● **PROBLEM TO SOLVE**
No pictures in the copy. Write out the listing below exactly.

[[ INFORMATION SUPPLIED, beginning ]]

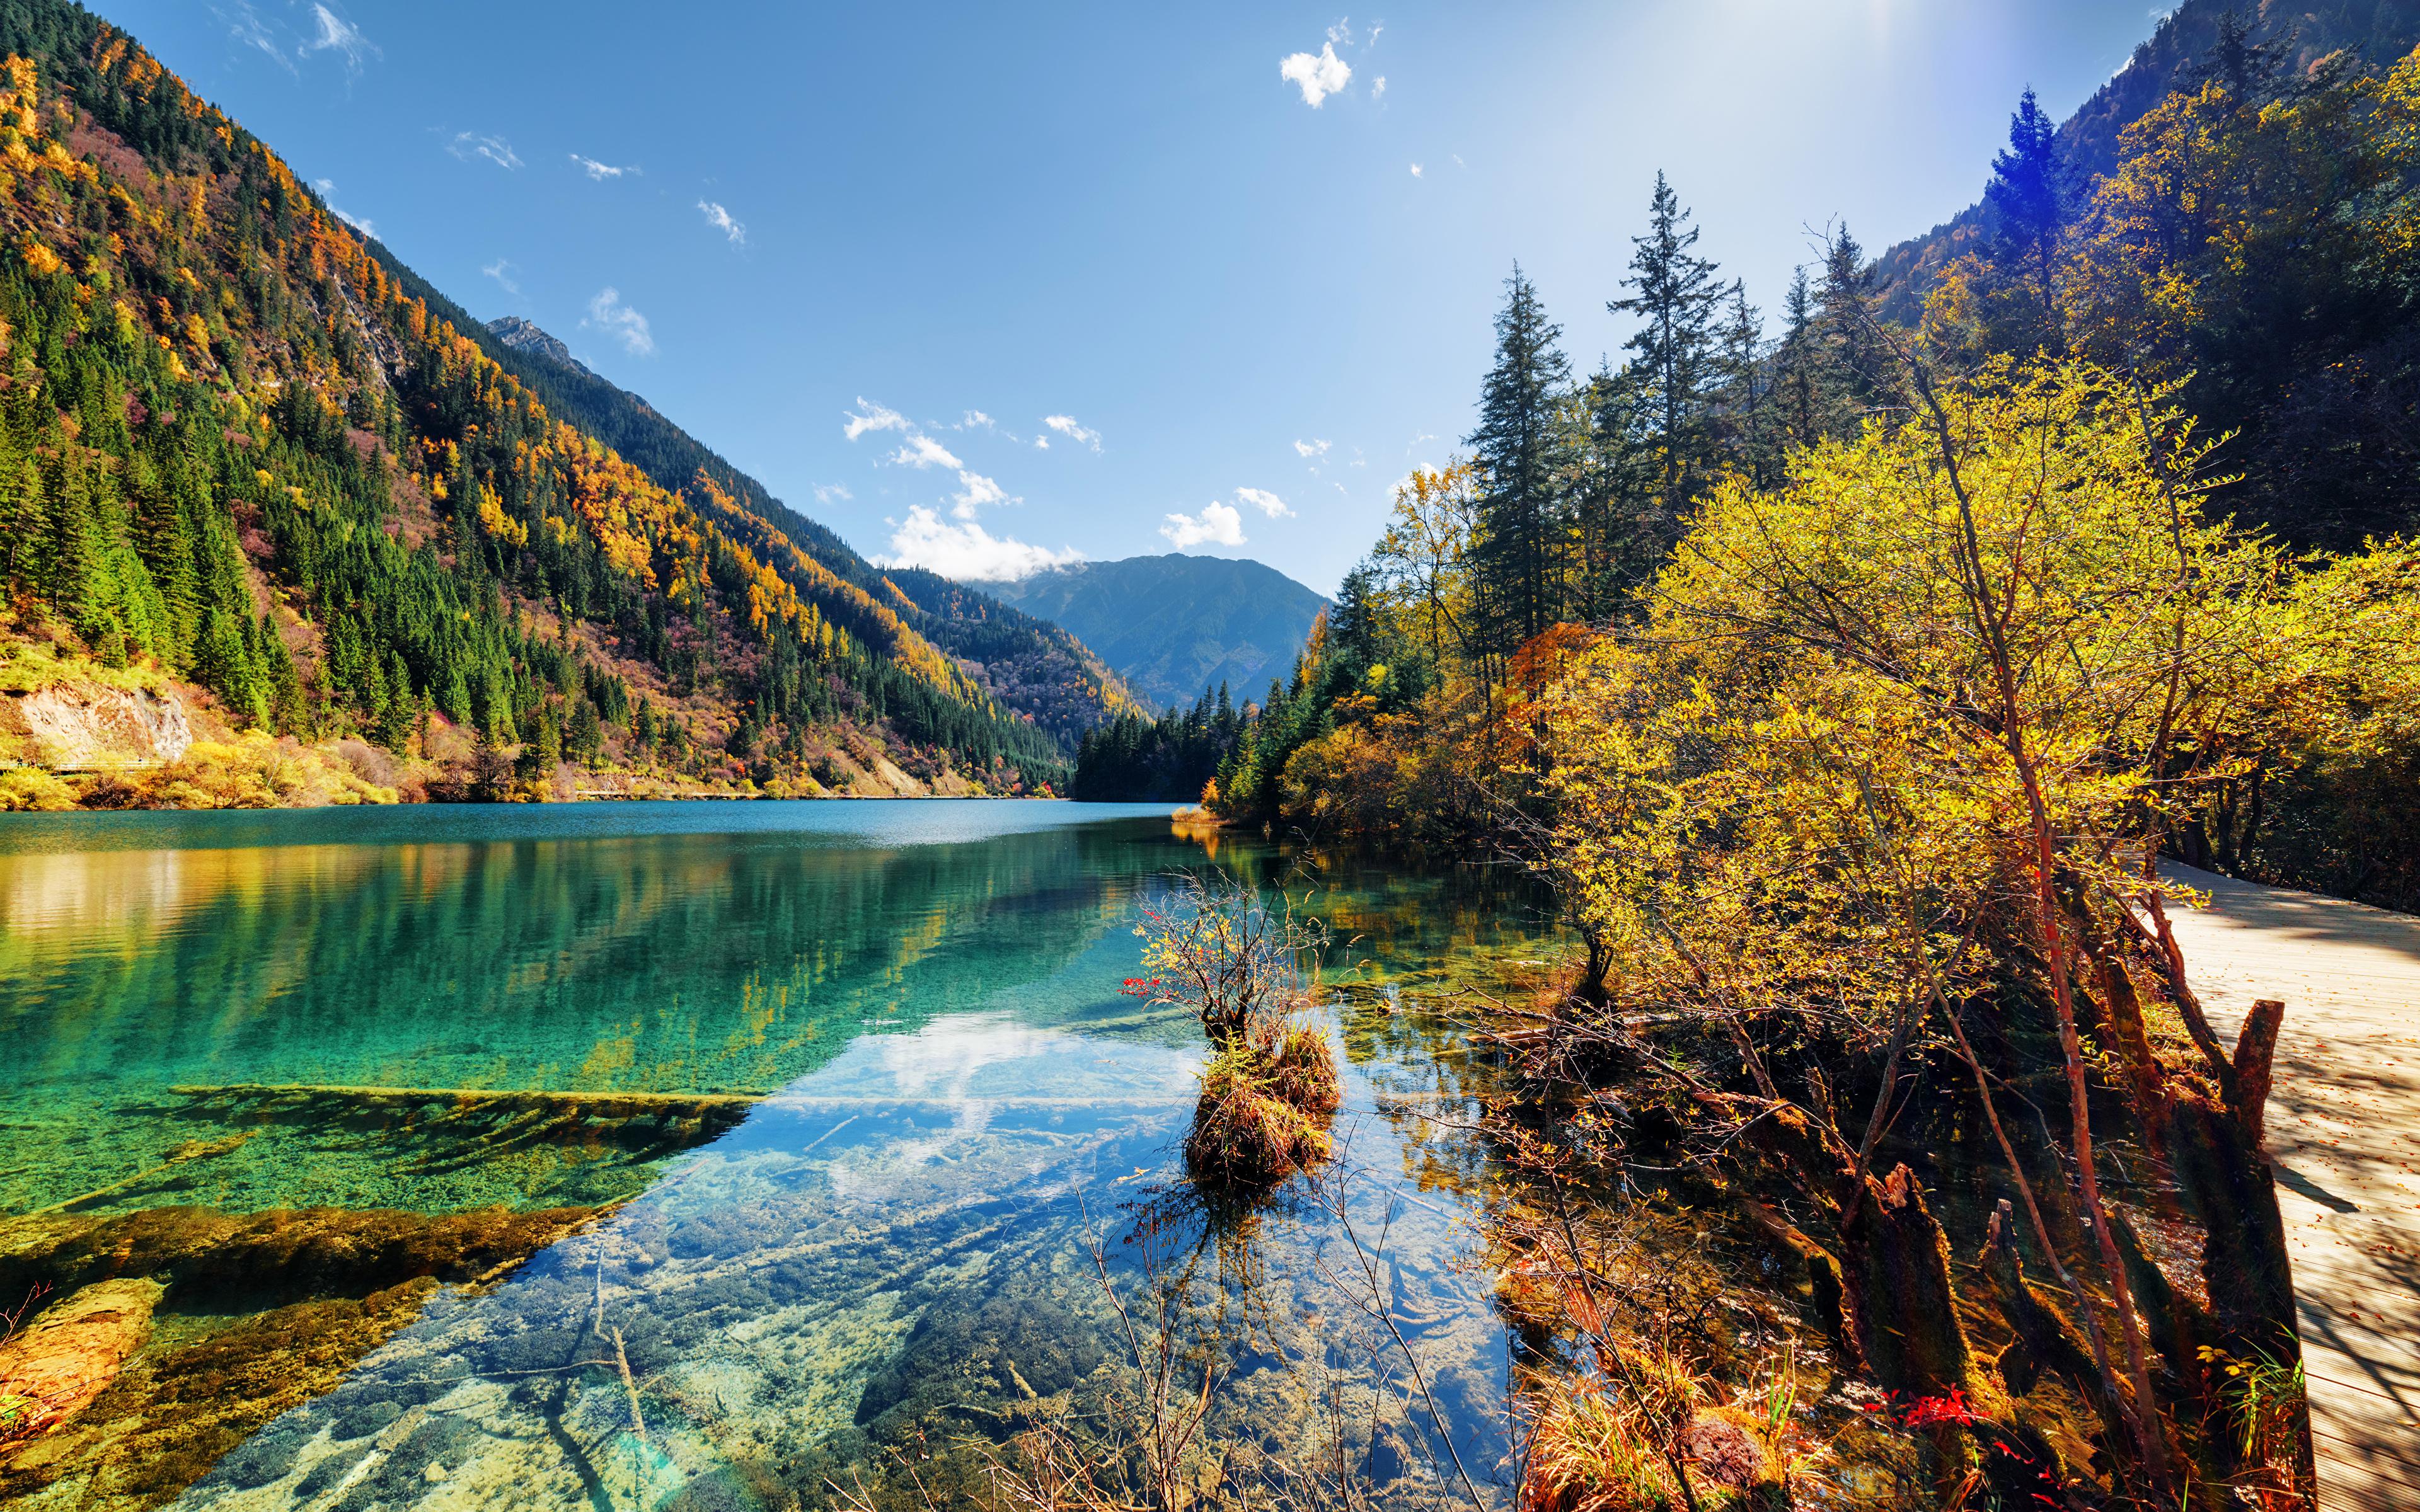 壁紙 3840x2400 九寨溝 中華人民共和国 公園 湖 山 秋 風景
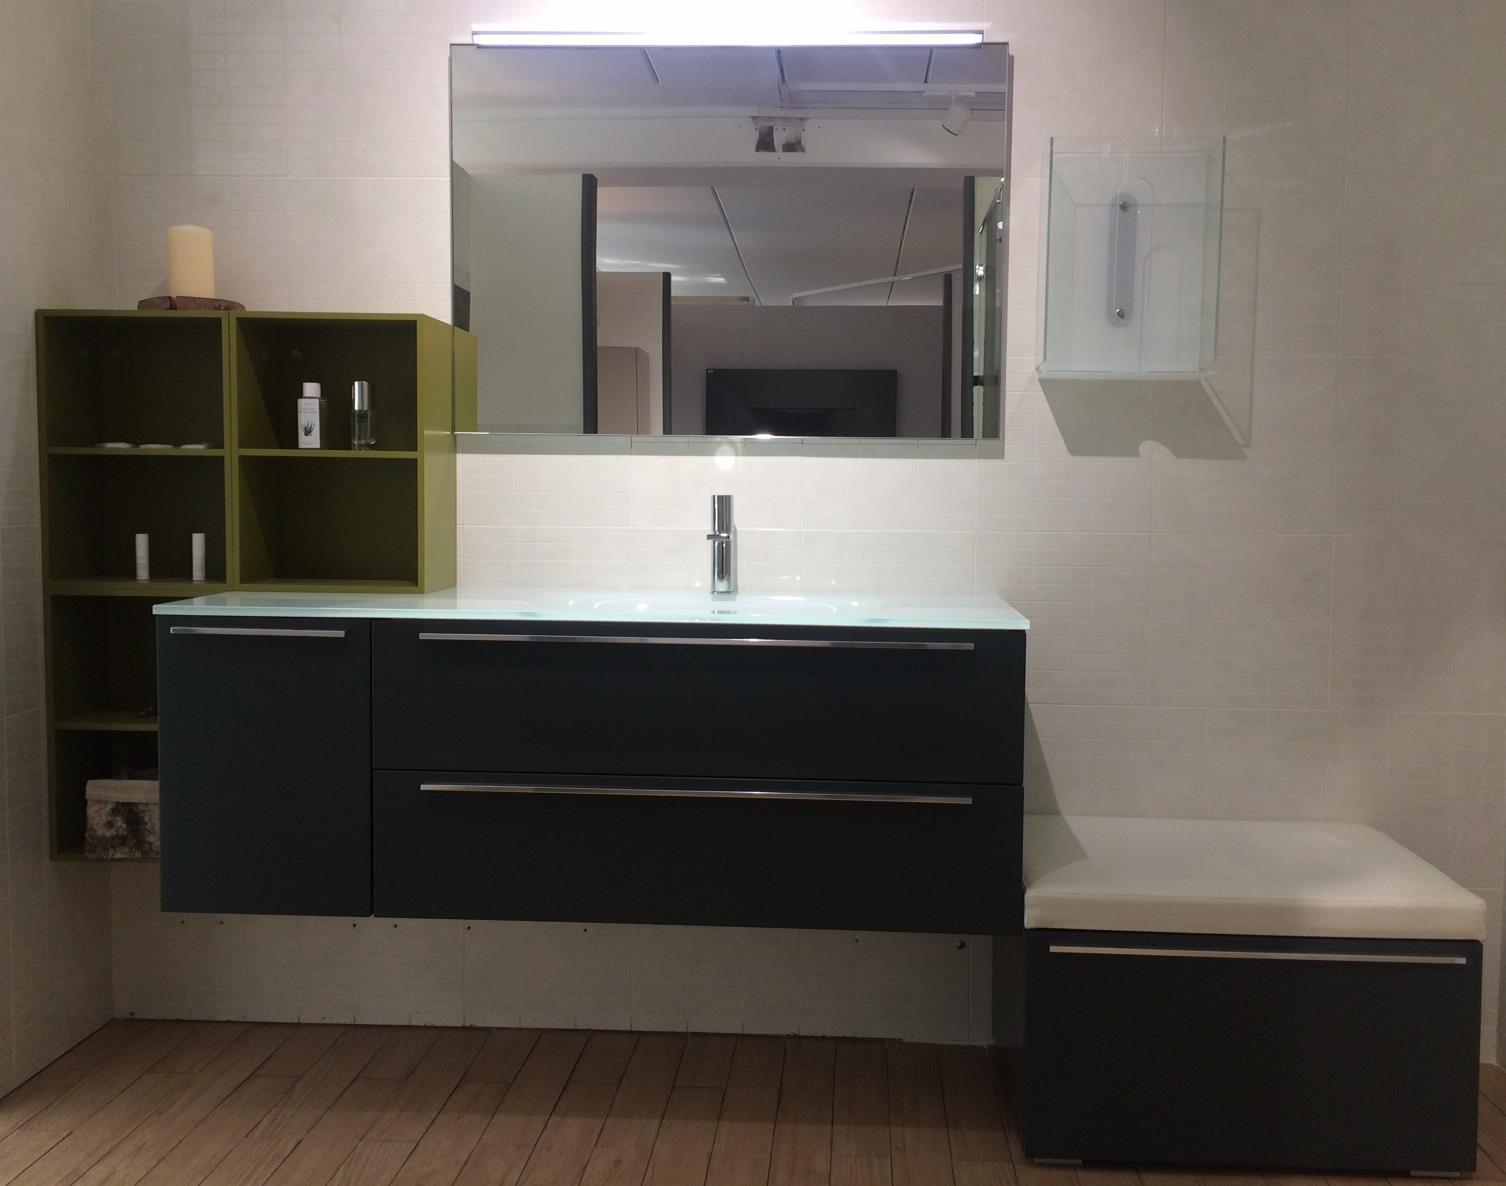 Vasche Da Bagno Prezzi Outlet : Magie d interni outlet vasca da bagno modulnova
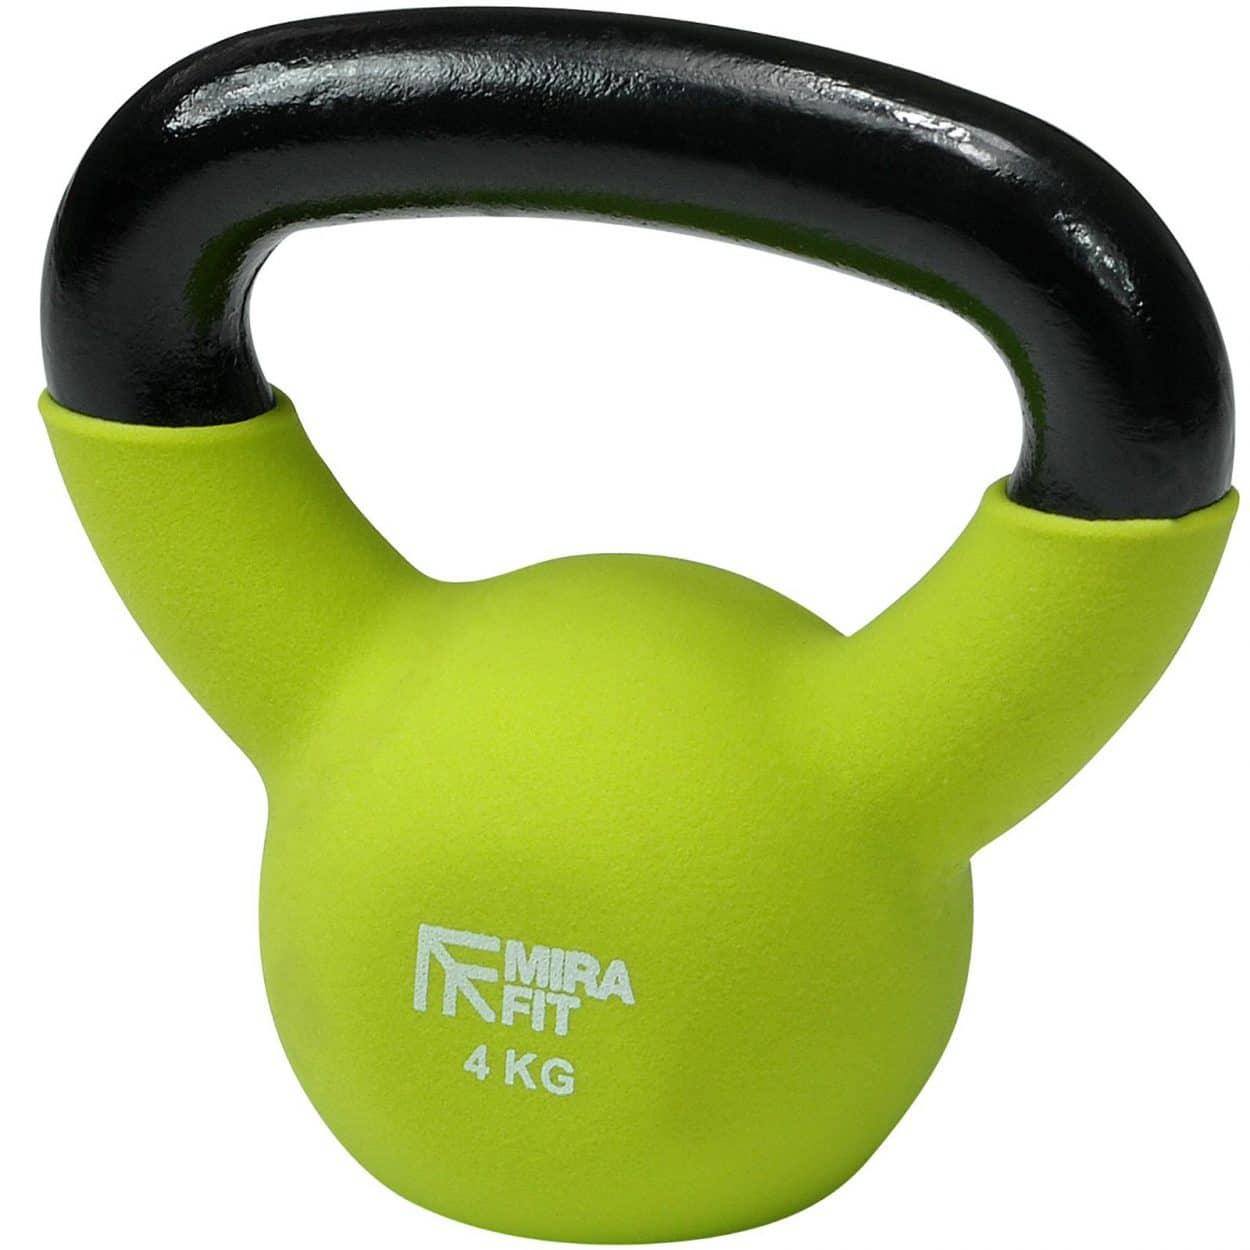 Mirafit Soft Touch Cast Iron Kettlebell Weight – Green – 4kg

[[ INFORMATION SUPPLIED, end ]]

● **RESPONSE TO THIS EXERCISE**
 壁紙 3840x2400 九寨溝 中華人民共和国 公園 湖 山 秋 風景
 Vasche Da Bagno Prezzi Outlet : Magie d interni outlet vasca da bagno modulnova
 Mirafit Soft Touch Cast Iron Kettlebell Weight – Green – 4kg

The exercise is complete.